Foe of the environment? Back ‘renewable energy’

Government production quotas impose costs and increase emissions

By Geoffrey Lawrence
  • Wednesday, April 29, 2009

"Renewable" energy is all the rage in the halls of Congress and the Nevada Legislature. Lawmakers are pushing for higher and higher production quotas for the centrally planned electric utility industry. They would require government-controlled electric utility monopolies to produce greater shares of electricity through renewable energy sources such as wind or solar power.

The problem with this so-called "visionary" approach to energy policy is that it isn't visionary at all. Its advocates fail to "envision" the consequences of their policies. Wind and solar power are largely unproven technologies for generating electricity and suffer significant deficiencies in the two most important aspects of electric supply: cost-competitiveness and reliability.

While the cost of electricity generation from each resource varies significantly by location, one thing is clear: Even after decades of taxpayer-funded research, wind and solar power still are not cost-competitive with traditional power sources. A study by the U.S. Department of Energy itself, last year, showed that wind and solar power both currently require federal subsidies in excess of $23 per megawatt hour — compared to less than $1 for coal, natural gas and hydroelectric facilities. Given this continuing competitive failure of wind and solar power, state lawmakers have resorted to directly mandating that utilities use wind and solar power to create electricity through production quotas — so-called "renewable portfolio standards."

Such mandates yield other problems beyond the higher cost, however. The usefulness of electricity produced through wind and solar power is extremely limited due to its sporadic nature of production.

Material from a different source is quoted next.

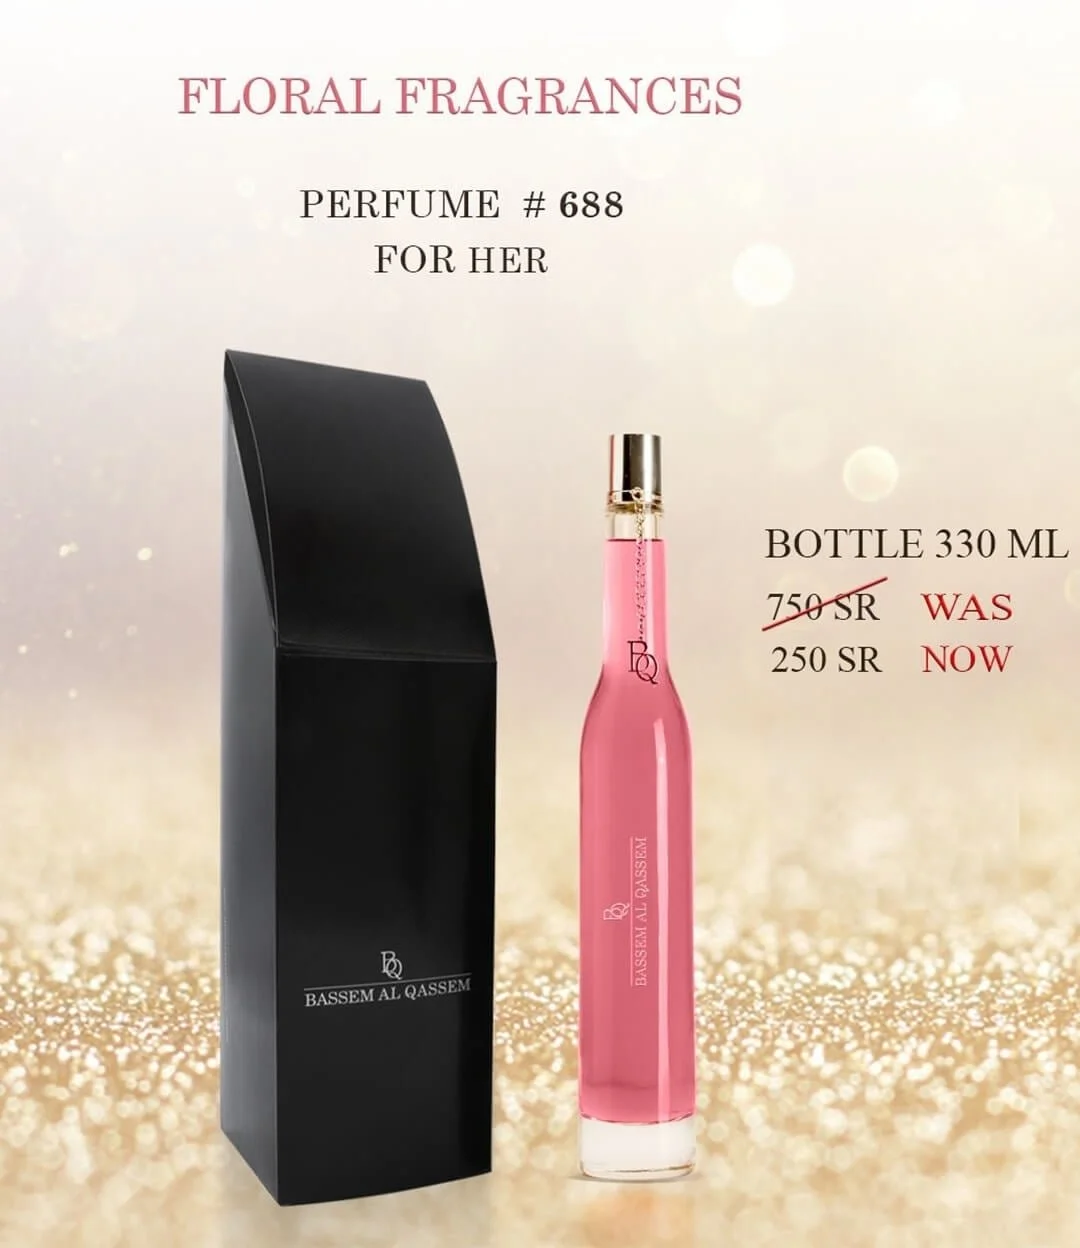 Perfume #688 Floral Fragrance for Her by Bassem Al Qassem 
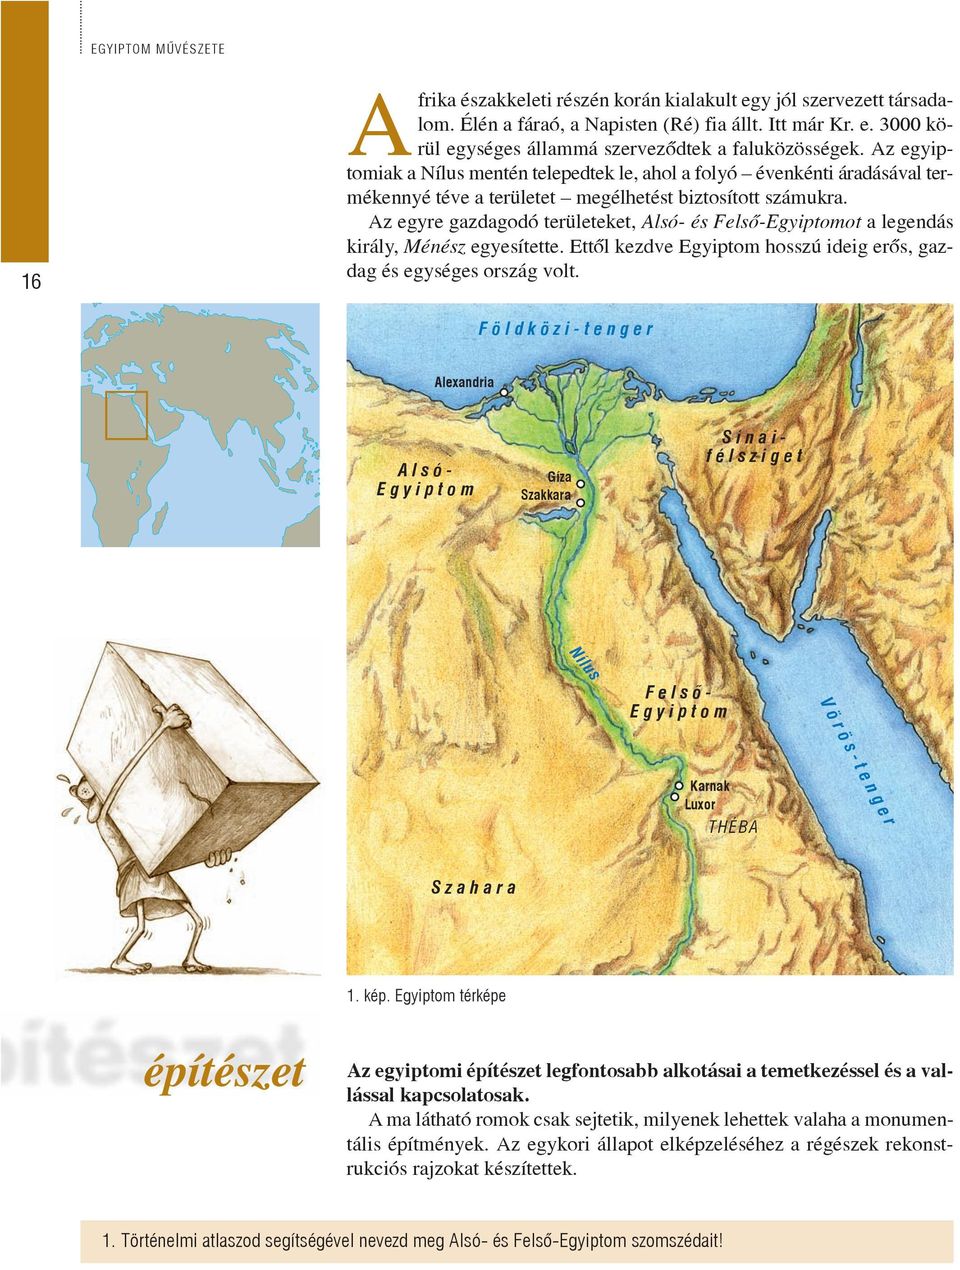 Az egyre gazdagodó területeket, Alsó- és Felsõ-Egyiptomot a legendás király, Ménész egyesítette. Ettõl kezdve Egyiptom hosszú ideig erõs, gazdag és egységes ország volt.

Well-placed wind turbines typically only generate about 30 percent of "nameplate capacity" — what the manufacturer says the turbine is capable of generating under ideal conditions — because of seasonal, daily and even minute-to-minute variations in wind speeds. The production of wind turbines is a function of the wind speed cubed, meaning that a 2 percent spike or drop in wind speeds leads to a sudden 8 percent drop or spike in production. While solar power is less volatile than wind power, it also suffers from similar reliability problems (and is much more costly).

This sporadic nature of production introduces instability into the electric grid system and has directly produced power surges and rolling blackouts on grids with higher concentrations of wind or solar power, such as Texas has. Denmark exports electricity produced from wind power to neighboring grids at a financial loss just to protect the Danish grid from wind-related instability.

What makes these factors even worse is that production quotas for solar and wind power fail to achieve the supposed environmental benefits that prompt policymakers to create them in the first place. In order to ensure some measure of stability on the electric grid, grid managers are forced to back up solar and wind power generators by placing traditional power plants on "spinning reserve." This means that the traditional coal or natural gas-fired power plant continues to burn fuel on a constant basis so that the grid manager can switch over to the traditional power plant as output from solar and wind generators ramps up and down. What's more, this ramping up and down of output from the traditional power plant actually produces even more emissions than normal because the plant is not operating at maximum efficiency. Hence, production quotas for solar and wind power not only impose additional costs on utility customers, but also lead to even greater environmental degradation.

Unintended consequences such as these are typical when policymakers attempt to substitute their own politically driven decision-making for the much wider and deeper intelligence already incarnate in the marketplace. While lawmakers like to think that legislation alone is enough to drive innovation and "create jobs" in a "new-energy economy," the hard truth is that viable new technologies cannot simply be legislated into existence. If there are to be breakthroughs in energy-production technologies, they will occur through the ingenuity of individuals working to fulfill the needs of others in a market setting.

Legislative initiatives such as renewable portfolio standards frustrate this process by needlessly diverting capital and labor away from the entrepreneurs who make the real progress in energy production — locking up that capital and labor, instead, in government-sponsored boondoggles.